LOVE STORY Casa, da quattro anni, è anche Courmayeur, diventato centro federale e Tallahassee, città della Florida da dove arriva Anthony Lobello, ex collega italostatunitense, suo marito dal maggio 2014 con matrimonio su una spiaggia del lago di Como. «Tra noi – ammette – c’era sempre stato qualcosa, ma mai era decollato. Fino a che un pomeriggio, dal nulla, dopo sei mesi di silenzio, s’è presentato a Courma con le valigie in mano. Dormivo, mi ha svegliata la mia compagna e amica Elena Viviani: “Sono qui per te” mi ha detto. Ero sentimentalmente impegnata, lui forse anche. E’ finita come sapete». I due sono inseparabili. Arianna, in suo onore, prima di partire, s’è fatta fare un quarto tatuaggio: «All’interno del braccio sinistro – spiega – è un insieme di onde e di montagne. Ci rappresentano per la provenienza e per la storia che abbiano alle spalle: agli inizi burrascosa, ora stabile e forte». Gli altri? Una gigantesca manta sulla schiena, un’orca e un’aquila su un fianco, uno squalo martello su un piede. «I tatuaggi devono essere in numero dispari – aggiunge – presto ne servirà un altro». Il futuro, in generale, è un’incognita.

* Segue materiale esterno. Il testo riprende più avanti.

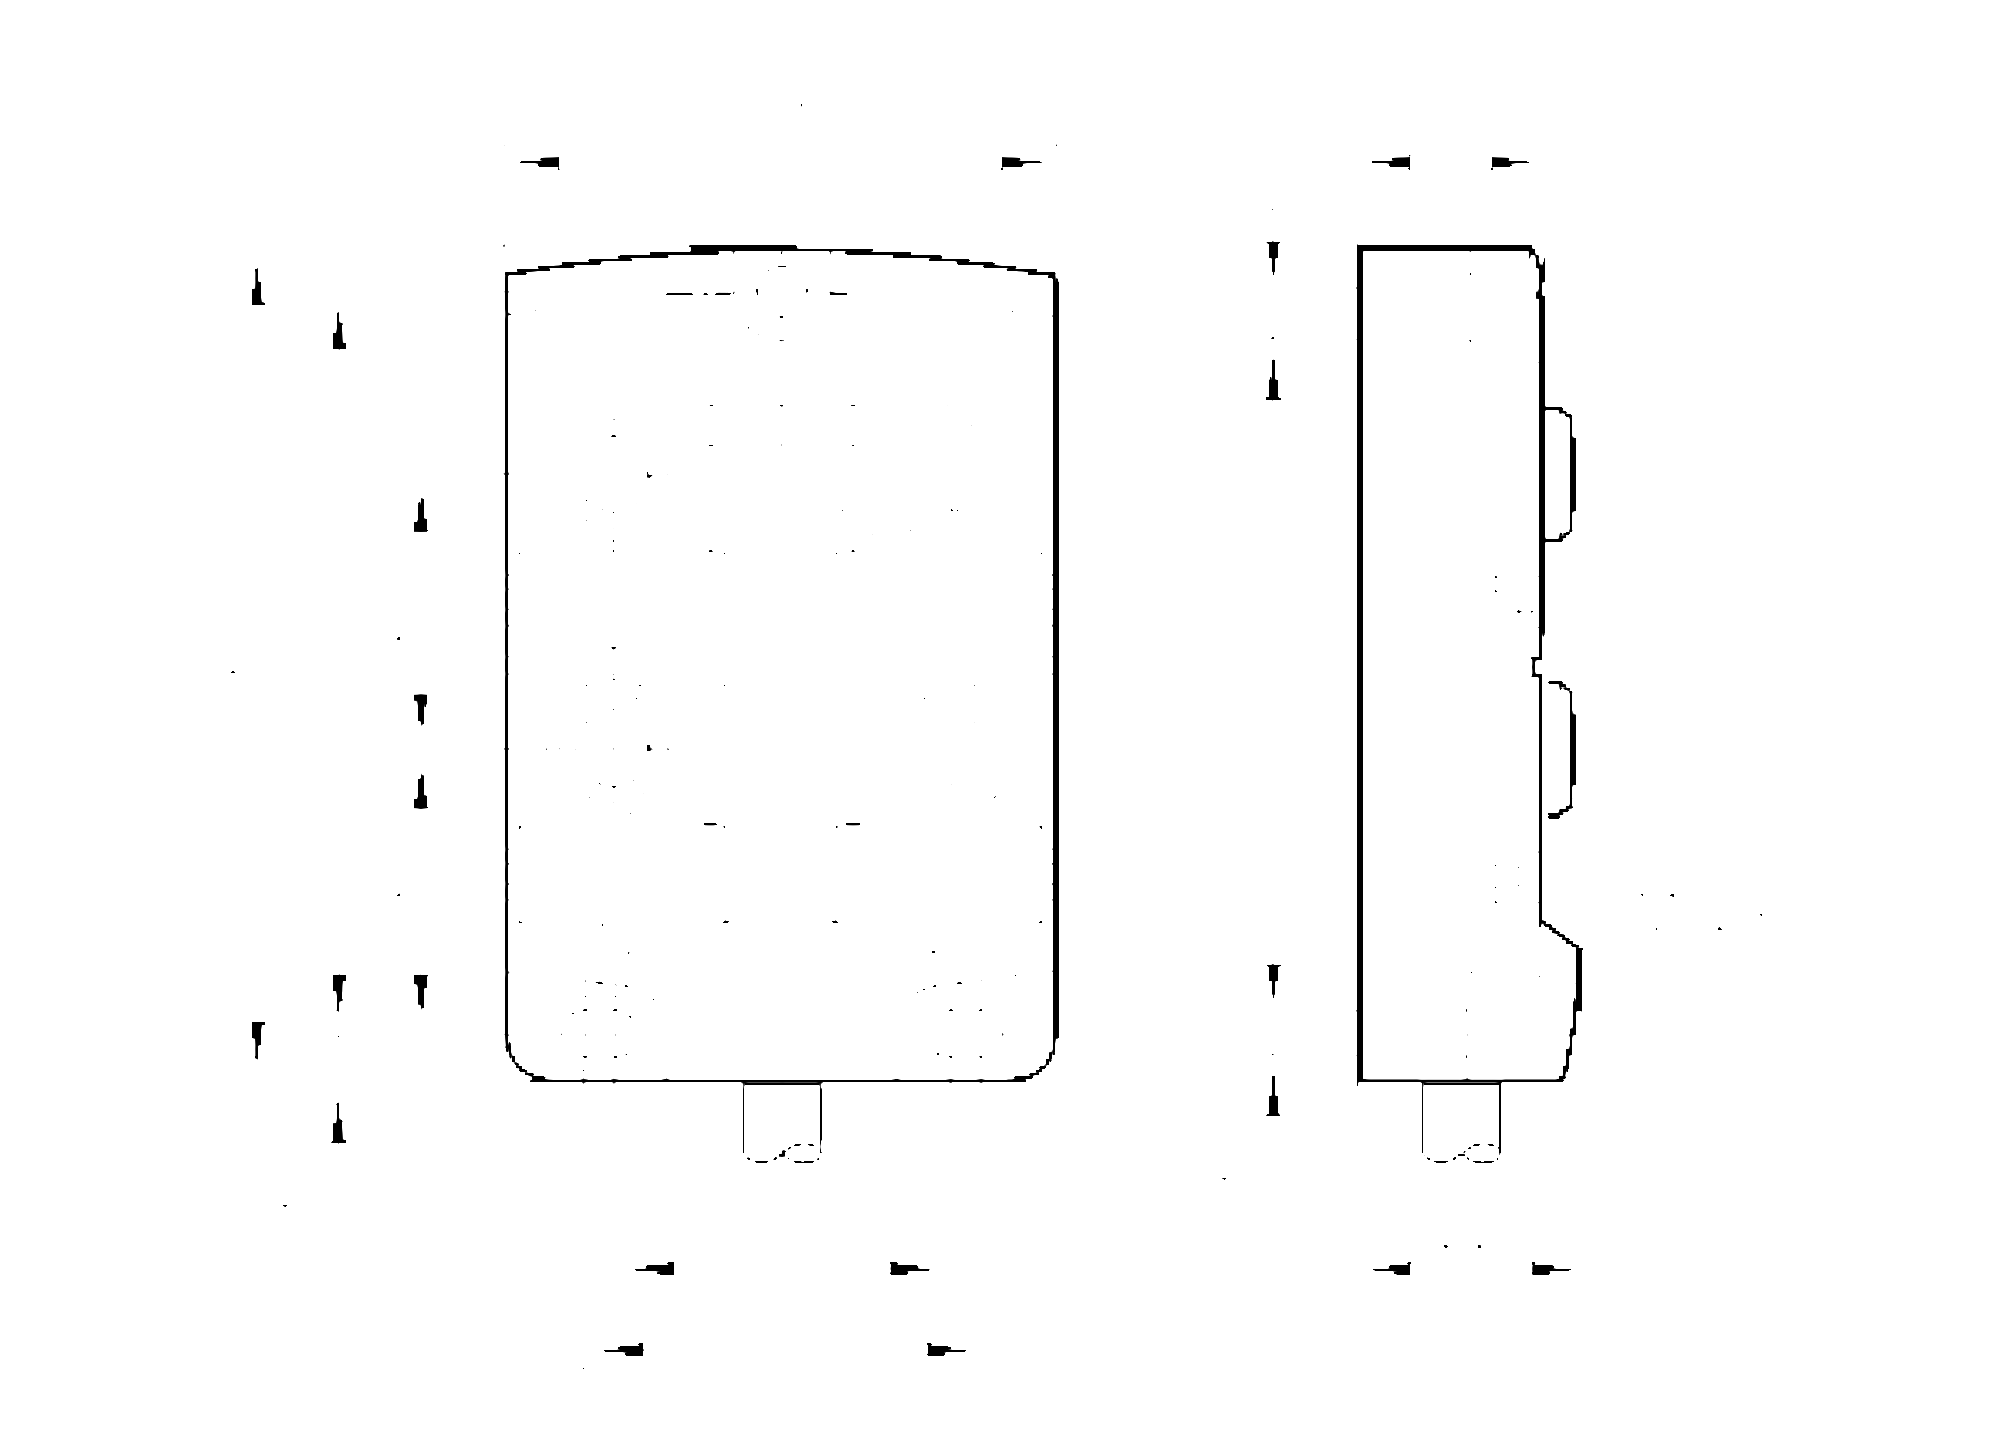 ebc016 - wiring block
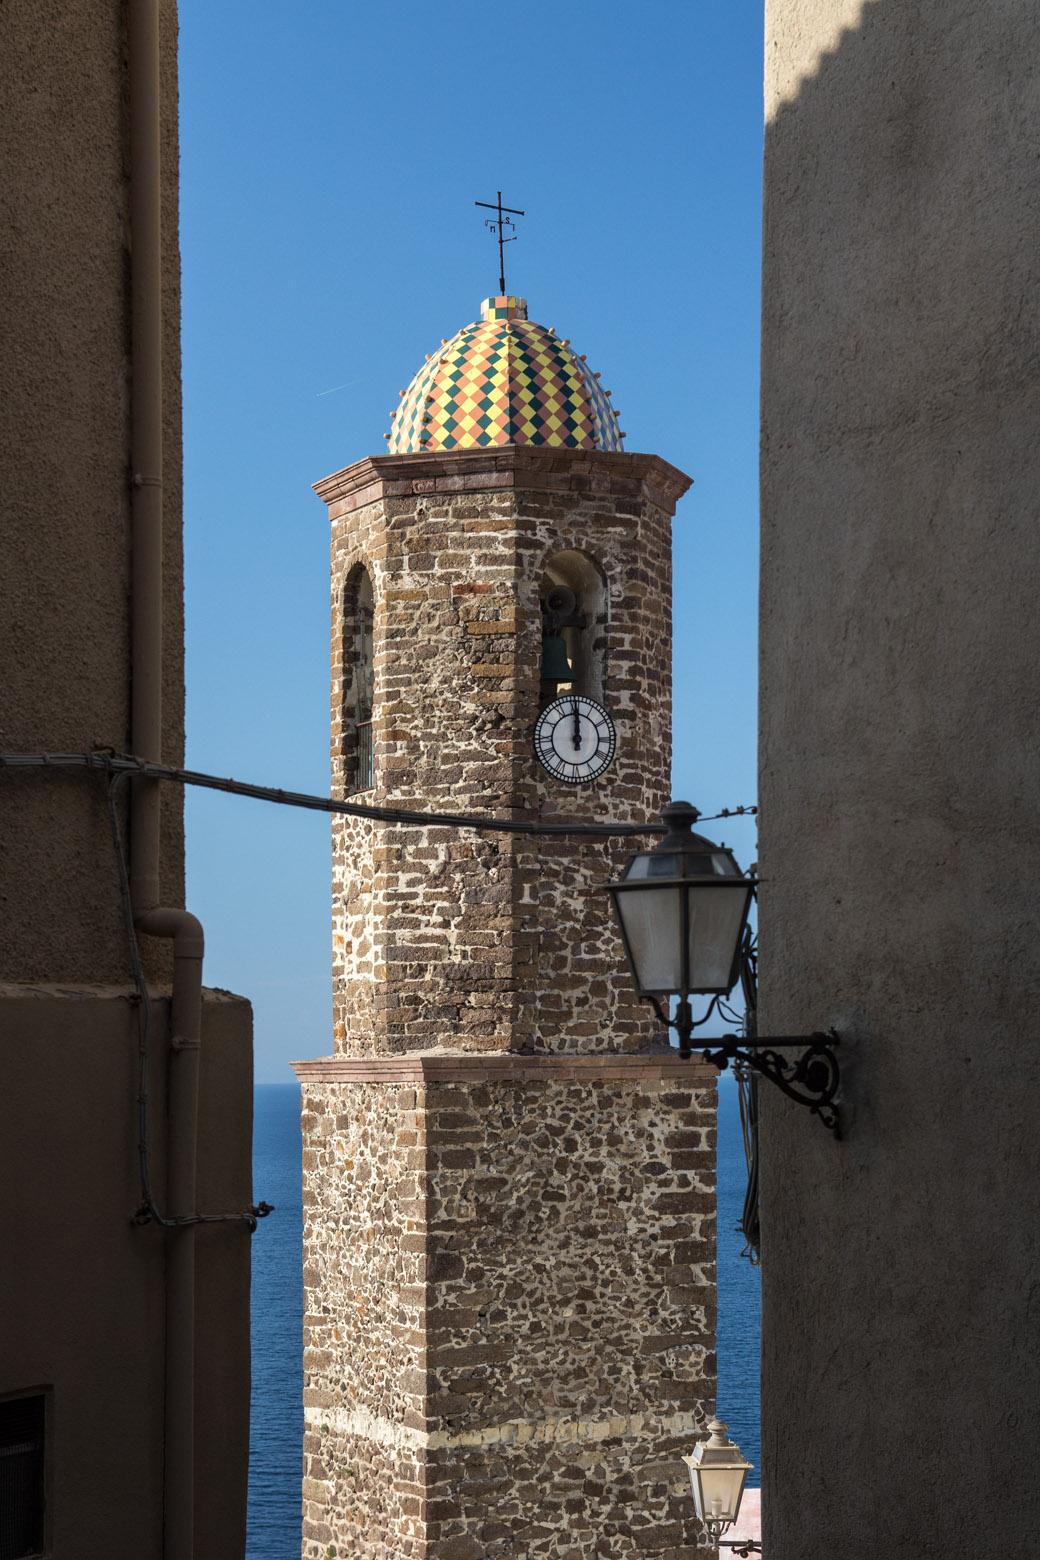 Castelsardo - Auch hier gibt es einen bunten Kirchturm.

Sebbene non sia affatto detto che decida si smettere. Prima, però, meglio rimanere concentrati sulla 4a Olimpiade della carriera.
BAR DAKOTA Tutto, adesso, è pronto per un altro show. Arianna, per qualche ora o qualche giorno, farà diventare lo short track, sport di nicchia se ce n’è uno, disciplina popolare. Dopo la cerimonia («Sì – ammette –, sono emozionata, come dal giorno in cui il presidente Mattarella mi ha consegnato la bandiera: in pista so cosa aspettarmi, in questo caso no»), l’attendono quattro gare e altrettanti possibili podi. Con quella tecnica di partenza tutta sua, eredità delle rotelle e quella pattinata tecnicamente sopraffina. Già domani la batteria dei 500 e la determinante semifinale della staffetta contro Cina, Olanda e Giappone (le prime due alla finale a quattro). «Quelli del mio Fan Club – racconta – hanno installato dei mega schermi nelle scuole medie di Berbenno, tutti gli altri mi seguiranno dal Bar Dakota, tradizionale ritrovo». «Whoop whoop», Ary: l’Italia ti aspetta.